It’s fair to say that not nearly as many webmasters have embraced AMP (Accelerated Mobile Pages) as Google would have liked to have. While there are many issues with the technology itself and Google’s involvement, this article will only be covering an issue relating to the official AMP plugin, developed by the AMP Project Contributors, for WordPress.
Berate me as much as you want, but at the time I launched one of my websites, I needed AMP to unlock a few features, and I was also interested in trying every new technology. I’m now stuck with it, but I will at some time in the future almost certainly remove it to spare me the headache of keeping everything running smoothly.
Slow WordPress backend? It might be the AMP plugin
A few weeks back, I started to notice that my WordPress backend was increasingly getting slower and slower. This issue was especially noticeable when publishing or updating a post or article. Doing so would sometimes take one to two minutes to complete. For me, that was unacceptable.
I started my investigation by first enabling the Troubleshooting Mode on WordPress’ Health Check & Troubleshooting plugin (you will need to install the plugin to enable this mode as the built-in version doesn’t support it). After it had disabled all the plugins, I published a new article and it was online in a matter of seconds. This was good news, as it meant that I hadn’t messed something up in my WordPress installation and it was indeed a plugin causing the slowdowns in my WordPress backend.

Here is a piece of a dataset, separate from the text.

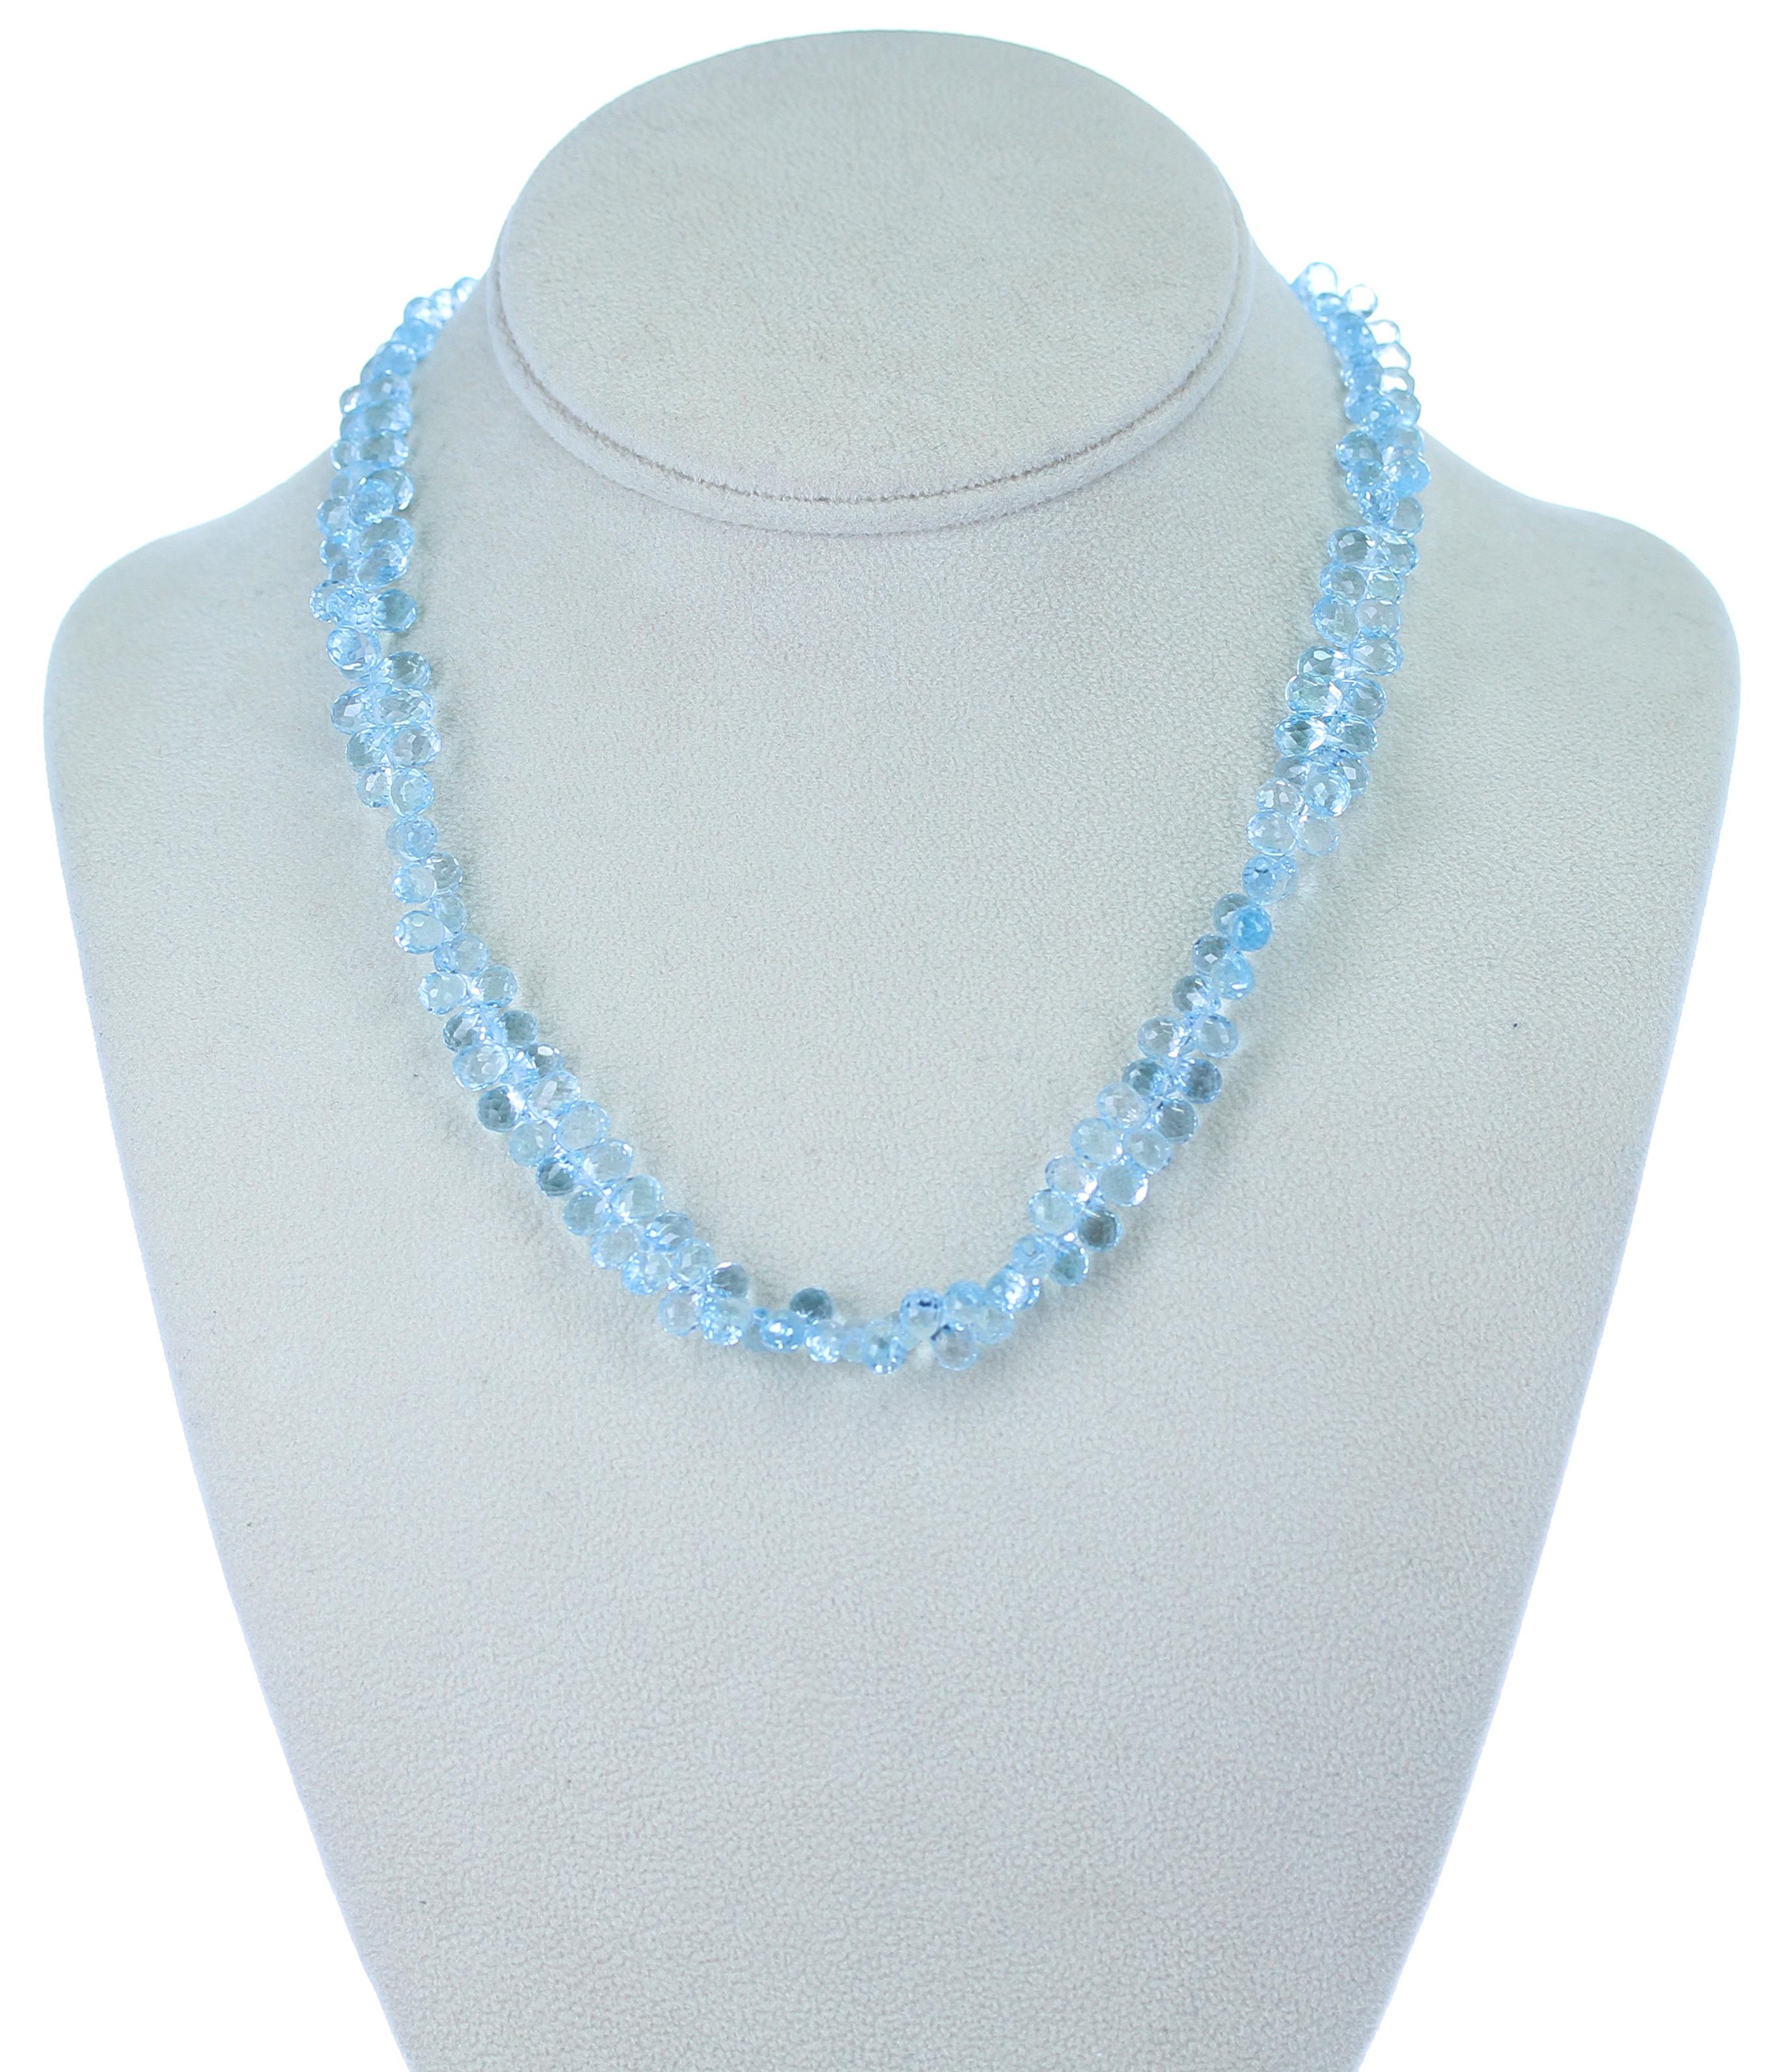 A beautiful Faceted Blue Topaz Briolette Drop Necklace weighing 200 carats. Length: 17.25 inches, 14K White Gold Clasp.

The next step was to disable every plugin, one by one, and see which one is the root cause of my slowdowns. As it turned out, it was the official AMP plugin which was causing my issues. All the other plugins I had installed had no noticeable influence on the time it took to save a page.
Why the AMP plugin slows down the WordPress backend
A bit of research led me to this issue on GitHub, in which many describe the same problem I was experiencing. What happens is that if you’ve got the AMP plugin installed and you publish or update a post/page, it will validate it each time you hit the button (this is what developers call a loopback request). That validation uses up many resources and takes a considerable amount of time. Especially if you’re using a VPS, as I currently am, and not a dedicated web server.
How to “fix” the AMP plugin for WordPress
The solution to this issue luckily (you might say unluckily) isn’t to uninstall the AMP plugin and removing all AMP pages. What has to be done, is to replace the loopback request with asynchronously re-checking. I suggest you read through the issue on GitHub if the technical aspects are of interest to you. For now, I’m only going to tell you how to do this.
Fortunately, a developer has already fixed the issue and uploaded the code, which can be manually installed as a WordPress plugin without you having to edit a single line. To do so, visit the
amp-async-validation.php Gist on GitHub and click on
Download ZIP in the top right-hand corner, to download the plugin.
Installing the fix for the AMP plugin
With the plugin downloaded, you can add a new plugin and select
Upload Plugin instead of searching one in the list. Search and select the ZIP file you downloaded in the previous step and click on
With the AMP Async Validation plugin installed and activated there are no further settings for you to adjust. It will start working immediately. Go ahead and save one of your posts and enjoy a speedy WordPress backend once again!